Metadata
Metadata is data that describes and gives information about other data. A classic example is the information about a digital image file such as the ISO settings, resolution, pixel depth, exposure, camera settings, camera type and so forth.
The Metadata Schema is to handle the situation where the information we wish to store in a document has a varying number of fields but we still want to retain the ability to search efficiently on any field in the metadata. Let’s use the example of a digital image file.
Model
Let’s look at sample metadata for an image.
Field | Value |
---|---|
File name | img_1771.jpg |
File size | 32764 Bytes |
MIME type | image/jpeg |
Image size | 480 x 360 |
Camera make | Canon |
Camera model | Canon PowerShot S40 |
Image timestamp | 2003-12-14 12-01-44 |
Image number | 117-1771 |
Exposure time | 1⁄500 s |
Aperture | F4.9 |
Exposure bias | 0 EV |
Flash | No, auto |
The first naive approach to modeling this might be to just translate the table directly into a corresponding document.
{
"File name" : "img_1771.jpg",
"File size" : "32764",
"MIME type" : "image/jpeg",
"Image size" : {"width": 480, "height": 360},
"Camera make" : "Canon",
"Camera model" : "Canon PowerShot S40",
"Image timestamp" : ISODate("2014-01-01T10:01:00Z"),
"Image number" : "117-1771",
"Exposure time" : "1/500 s",
"Aperture" : "F4.9",
"Exposure bias" : "0 EV",
"Flash" : "No, auto"
}
One of the shortcomings of this model is the need for multiple indexes for multiple fields, increasing the time it takes to write documents and possibly hitting the max number of indexes available on a single collection. For each index you add to a collection it takes longer to insert new documents as all indexes have to potentially be updated.

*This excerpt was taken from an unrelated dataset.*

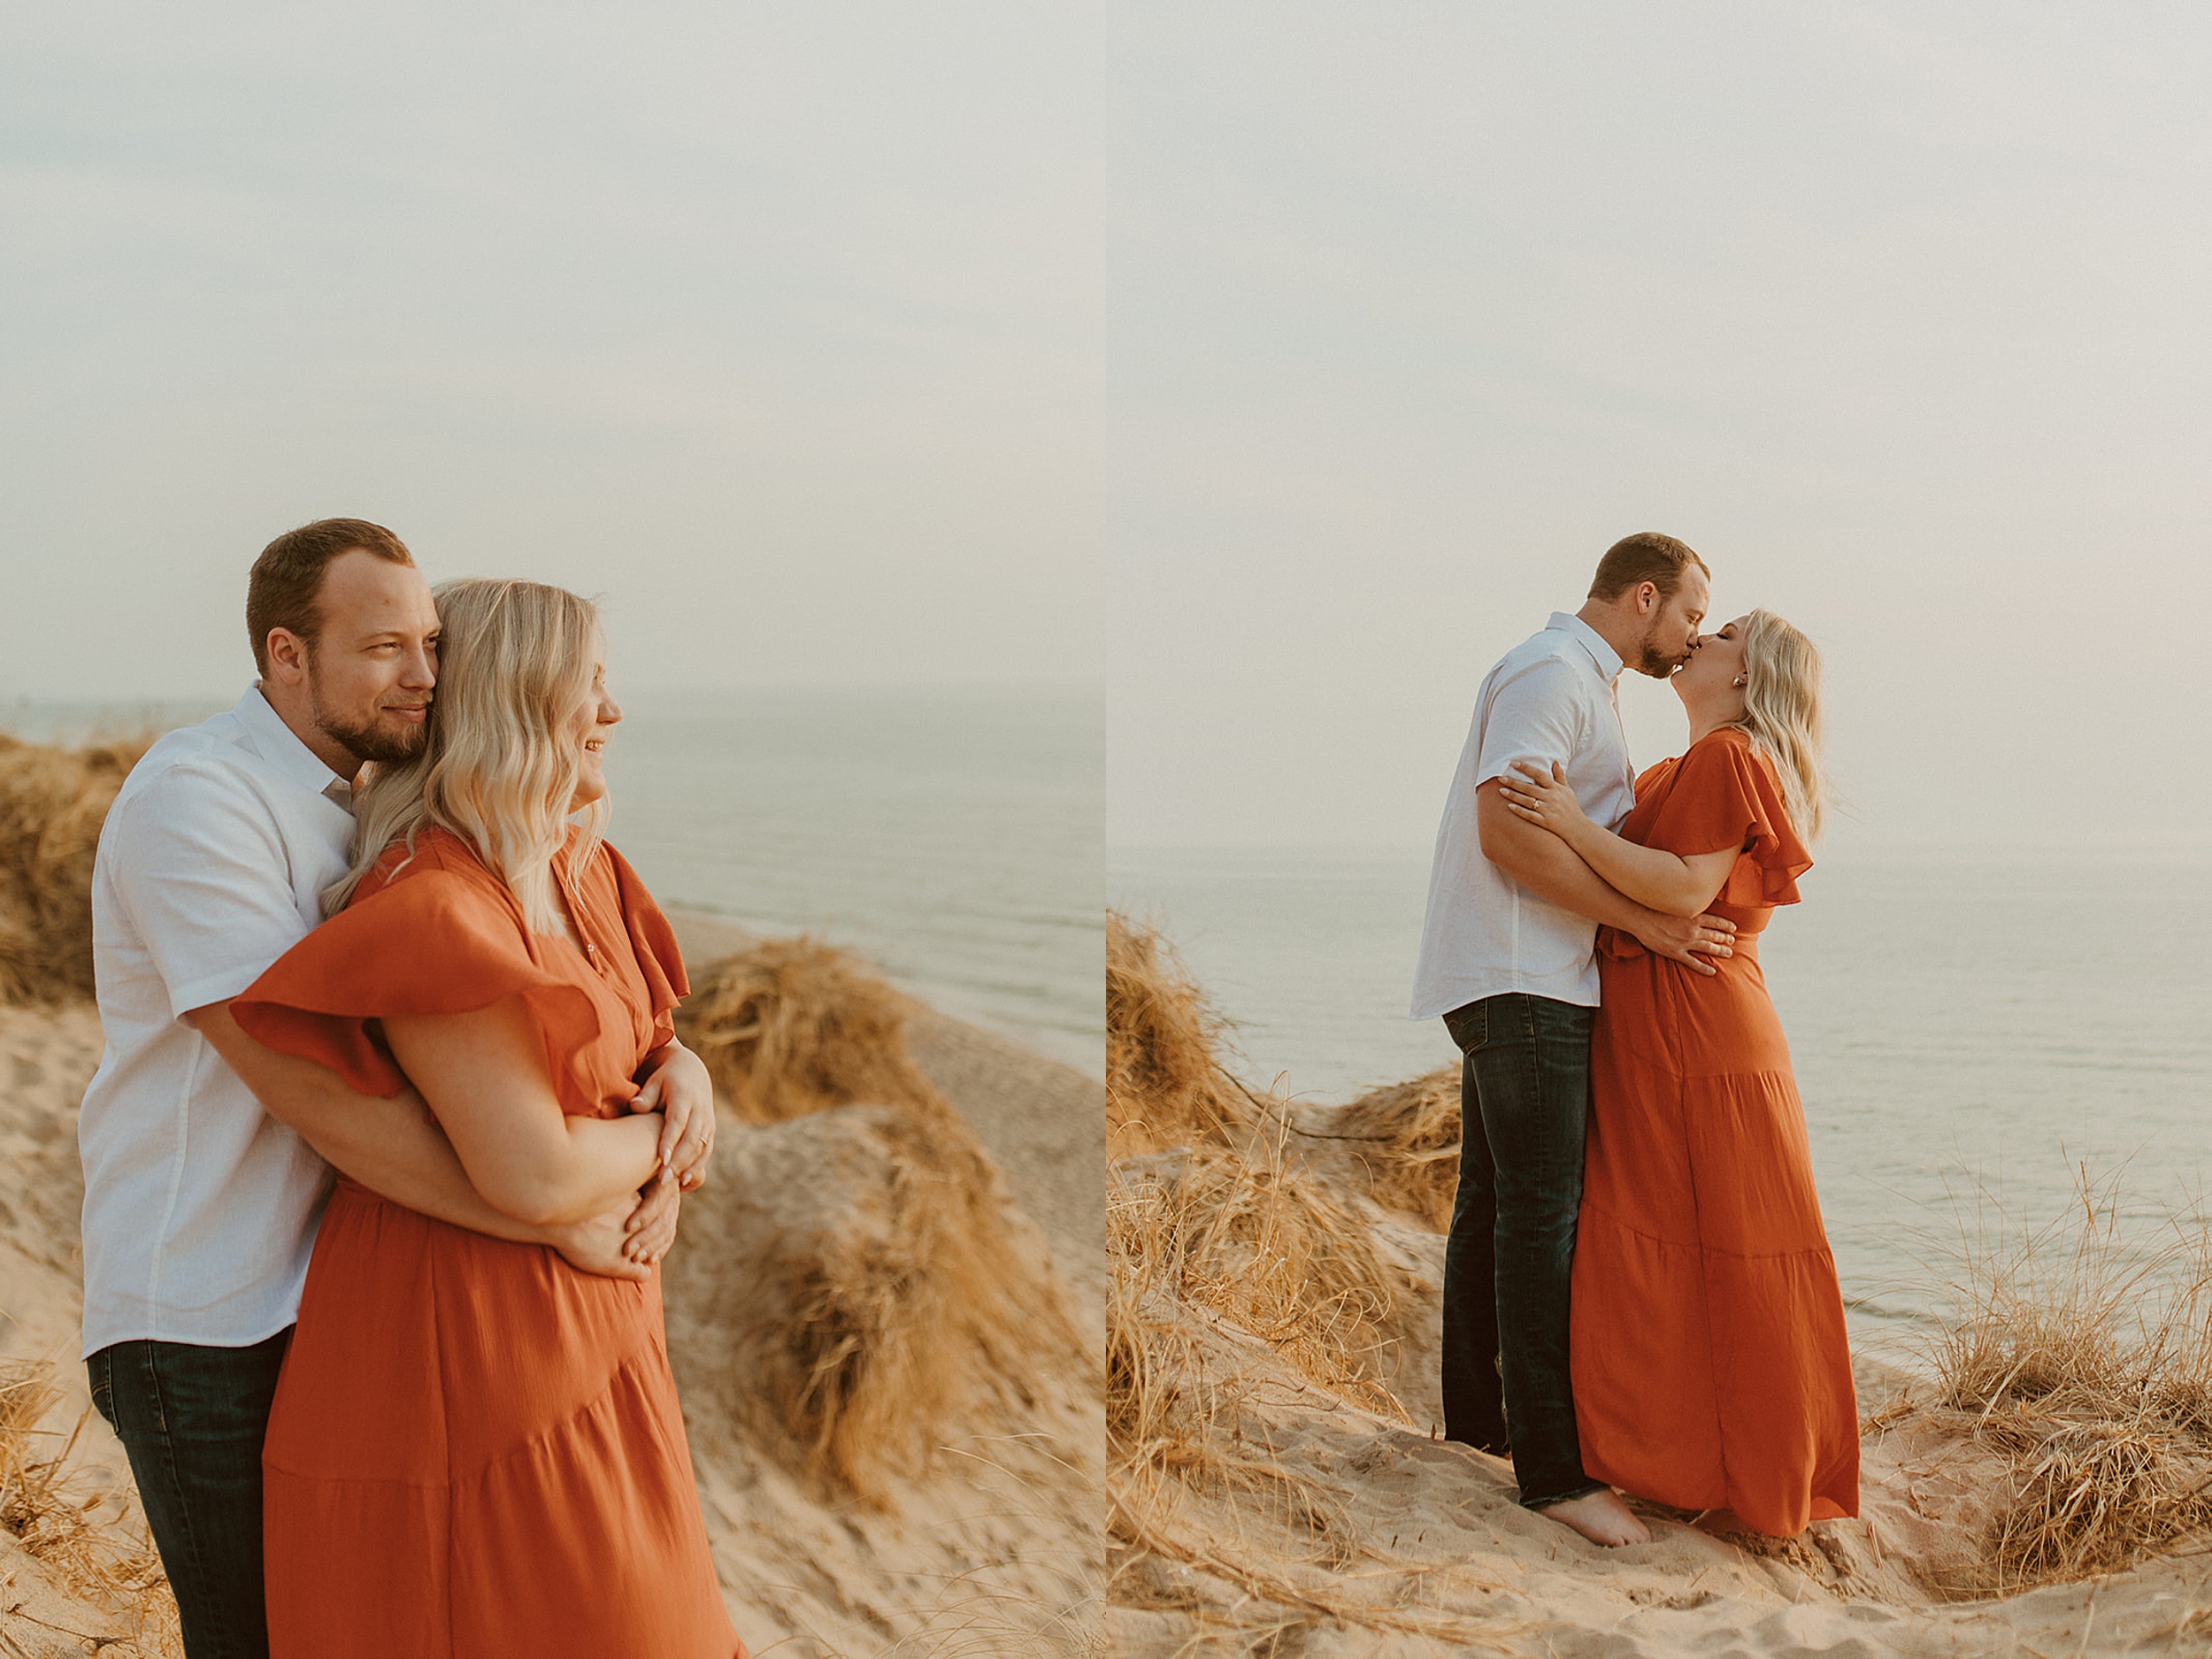  couple embracing on a shore next to a beach

Another possibility is to leverage the fact that one can index arrays of objects easily. Let’s modify the schema above to leverage this.
{
"metadata": [
{"key": "File Name", "value": "img_1771.jpg"},
{"key": "File size", "value": 32764},
{"key": "MIME type", "value": "image/jpeg"},
{"key": "Image size", "value": {"width": 480, "height": 360}},
{"key": "Camera make", "value": "Canon"},
{"key": "Camera model", "value": "Canon PowerShot S40"},
{"key": "Image timestamp", "value": ISODate("2014-01-01T10:01:00Z")},
{"key": "Image number", "value": "117-1771"},
{"key": "Exposure time", "value": "1/500 s"},
{"key": "Aperture", "value": "F4.9"},
{"key": "Exposure bias", "value": "0 EV"},
{"key": "Flash", "value": "No, auto"}
]
}
Next lets add a compound index on the metadata array.
var col = db.getSisterDB("supershot").images;
db.images.ensureIndex({"metadata.key": 1, "metadata.value": 1});
So how do we actually query the data to efficiently use the index. Let’s take a look at two query operators called $all and $elemMatch and how we can leverage them.
$all
The $all operator is defined as selecting all the documents where the value of a field is an array that contains all the specified elements.
var col = db.getSisterDB("supershot").images;
col.findOne({tags: {$all: [ "appliance", "school", "book" ]}});
$elemMatch
The $elemMatch operator is defined as matching more than one component within an array element.
var col = db.getSisterDB("supershot").images;
col.findOne({metadata: {$elemMatch: {key: "File Name", value: "img_1771.jpg"}}});
The $elemMatch operator looks like the obvious first choice. However the problem is that our metadata array is defined as objects that all have key and value. If you attempt to enter multiple matches using key and value in the $elemMatch only the last pair will be used.
If you wish to locate a photo that has MIME type equal to image/jpeg and also Flash equal to No, auto we need to combine $all and $elemMatch.
Let’s take a look at how to correctly pick the document.
var col = db.getSisterDB("supershot").images;
col.find({ metadata: { $all: [
{ "$elemMatch" : { key : "MIME type", value: "image/jpeg" } },
{ "$elemMatch" : { key: "Flash", value: "No, auto" } }
]}
}).toArray();
The first $elemMatch will use the index to locate all the documents with the MIME type equal to image/jpeg and then filter on the Flash key.
Indexes
One of the thing to remember when it comes to indexes is that the more indexes are on a collection the more BTree’s need to be updated each time a document is inserted or updated causing additional overhead and IO. In this case we replace 12+ indexes with a single compound index saving both space as well as increasing insert and update performance.